As a globally renowned fast-chain restaurant brand, Yoshinoya has been attracting much attention, a Japanese beef and rice specialty restaurant, founded in 1899, opened its first branch in Japan's Tsukiji fish market. Its signature beef rice has won the hearts of many customers, but this year Yoshinoya's performance is not good, July 28 but rumors of? Yoshinoya will close 150 stores? s news, intends to close about 150 stores worldwide, which closed stores, but also involves a lot of overseas markets, including some Chinese stores. The person in charge said that Yoshinoya currently has about 3,300 stores around the world***, of which there are more than 1,000 stores overseas***, and China accounts for more than 60% of them. The planned closure of overseas stores will also involve the Chinese market. As for the specific number of stores to be closed in China and information on their locations, the person in charge said he was not in a position to disclose at this time.

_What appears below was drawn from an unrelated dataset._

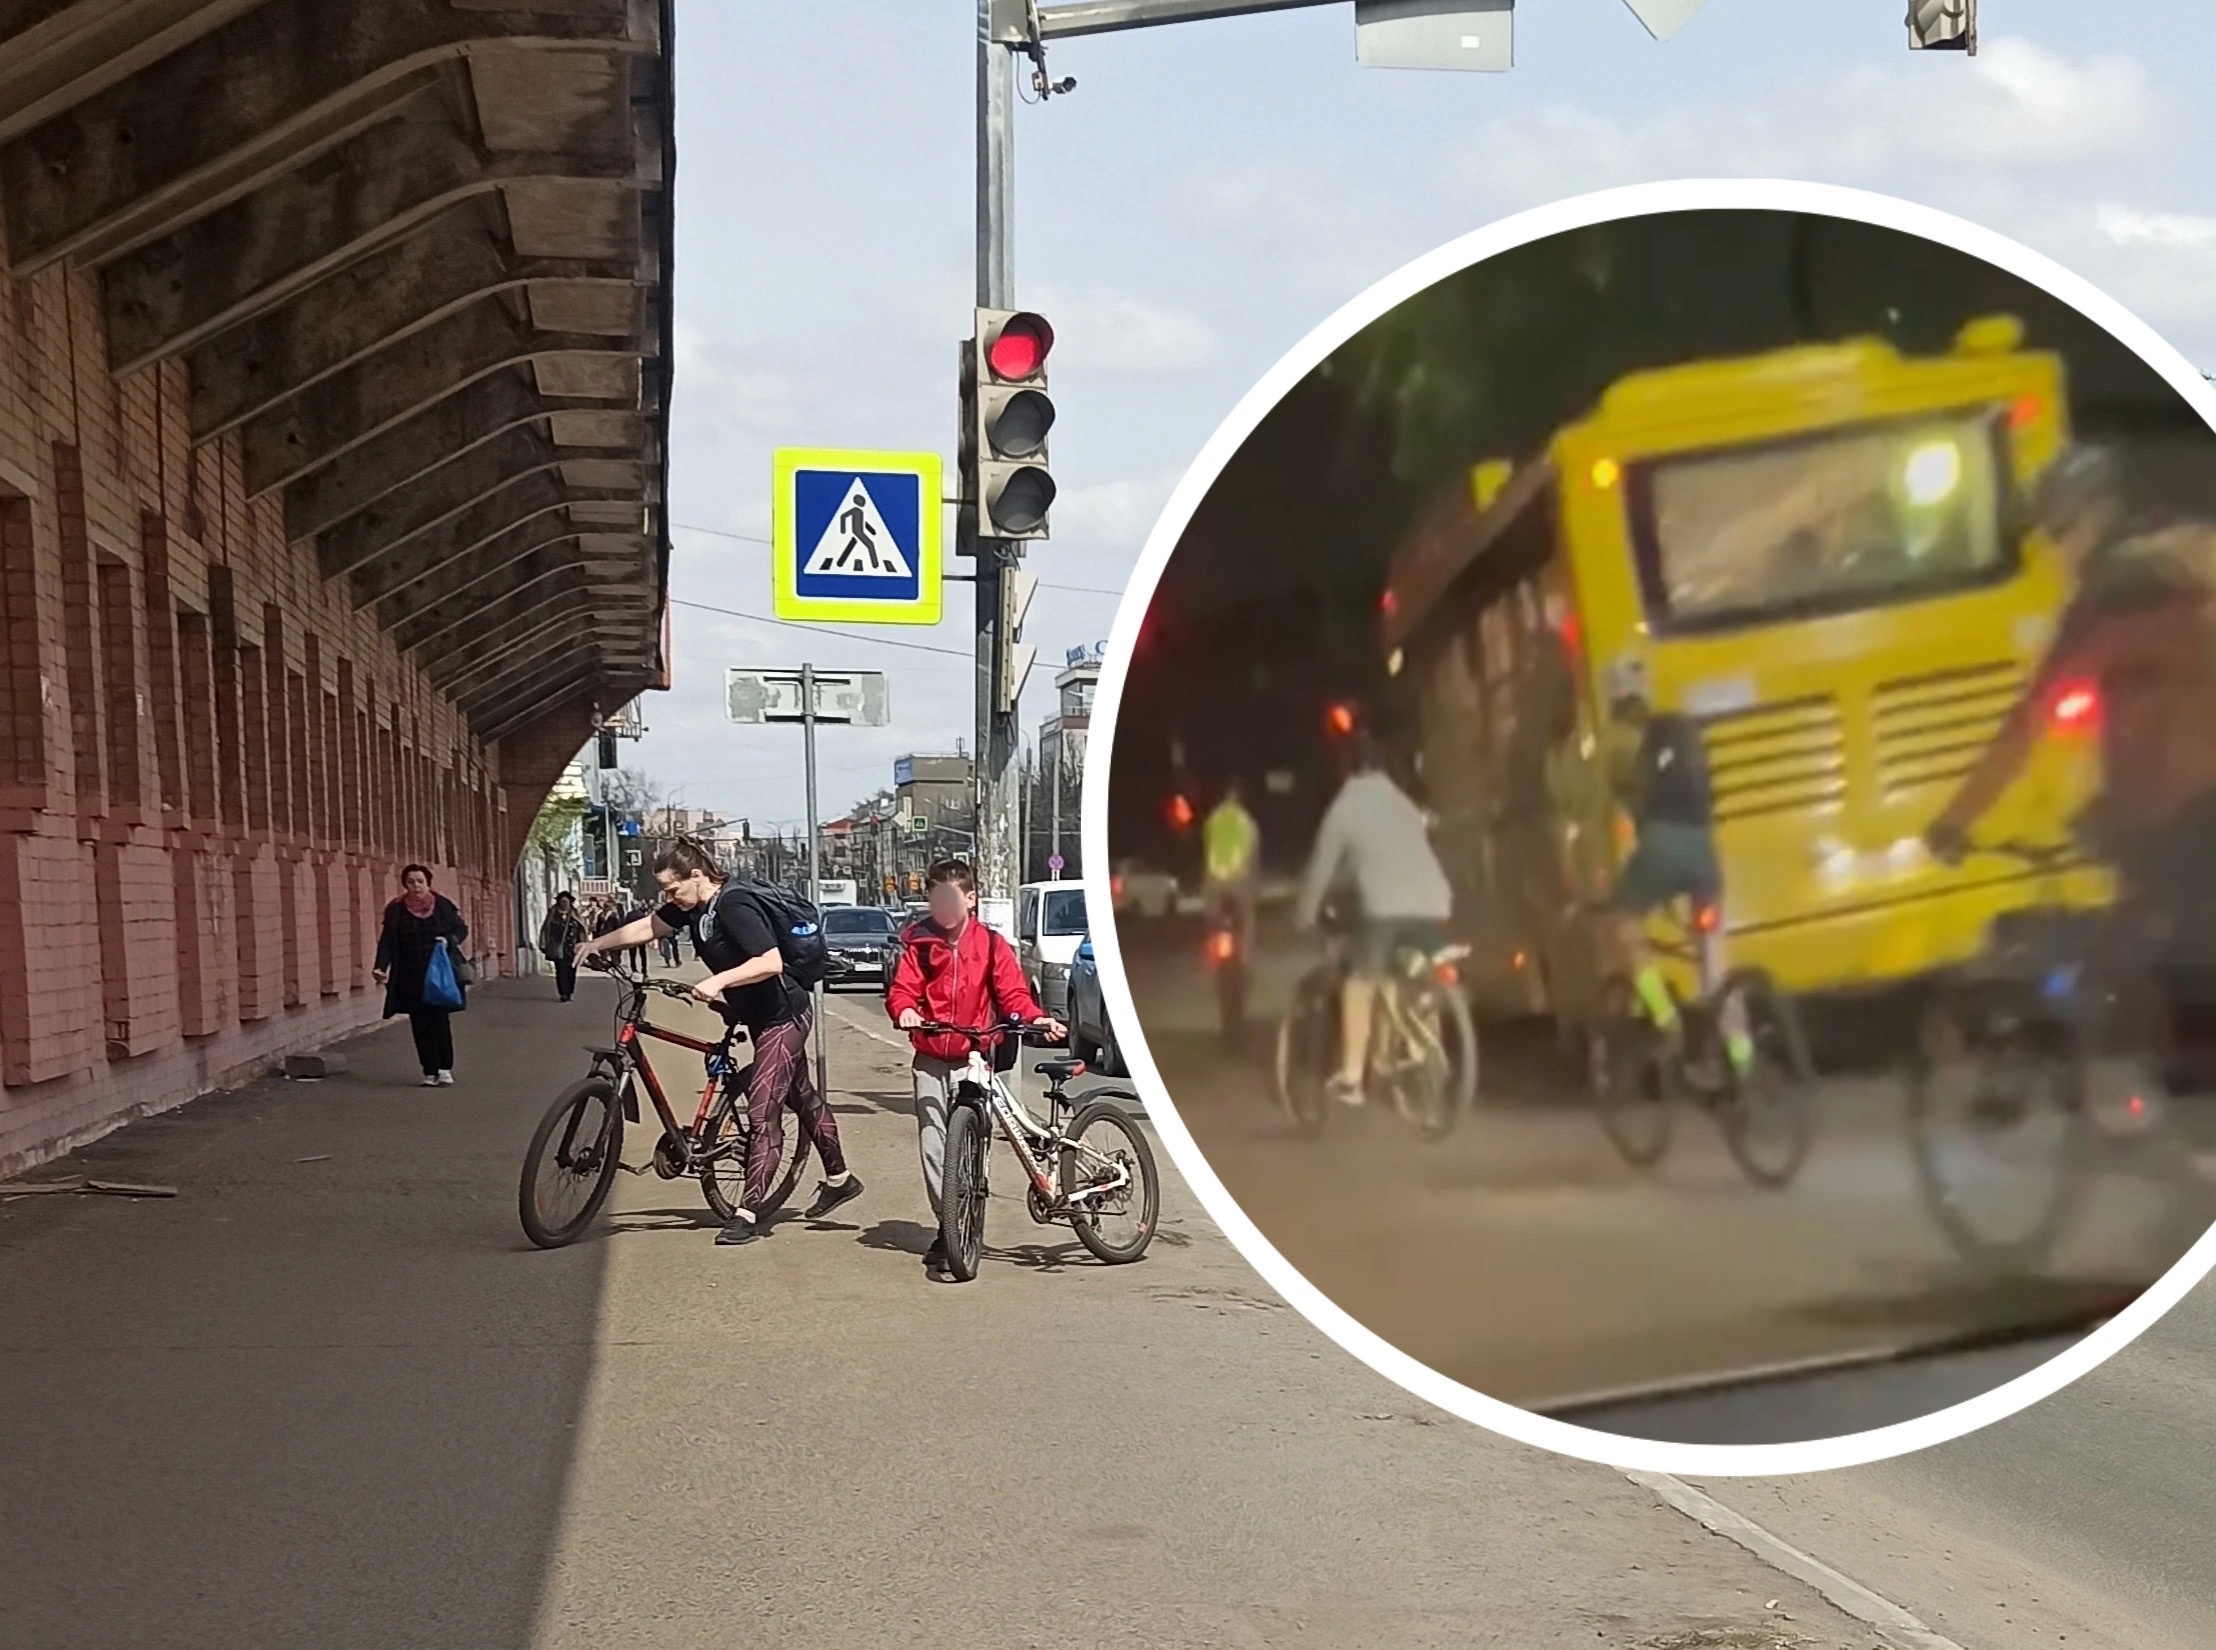 Ярославцы возмущены нашествием велосипедистов на дорогах

Yoshinoya's large-scale store closures are mainly due to the sharp deterioration of business conditions under the epidemic. Because people eat out much less frequently during emergencies, the impact on the restaurant industry has been huge, even in a country as hygiene-conscious as Japan. Currently, thousands of stores in Japan are shutting down or shortening their operating hours, resulting in an accumulated loss of 4 billion yen already from March to May this year, and a loss of 9 billion yen (about RMB 600 million) is expected for the whole fiscal year. On the other hand, due to the Japanese public's high degree of love for Yoshinoya, the price of its signature product, beef rice, has also been popularly compared to the price of ? the weathervane of the Japanese economy? , which has remained stable in terms of price and generally does not easily increase or decrease prices, Yoshinoya eventually had no choice but to close some stores to reduce costs. The head of the company said that in the future, it will also reduce fixed expenses and increase revenue by cutting shareholder dividends and encouraging headquarters staff to work from home. Of course, Yoshinoya's dilemma is only a microcosm of the Japanese restaurant industry under the epidemic.
A lot of restaurants have also started to change their menus and push takeout to seek transformation under the predicament, and some have even made their classic dishes into frozen food for sale as a way to seek self-help.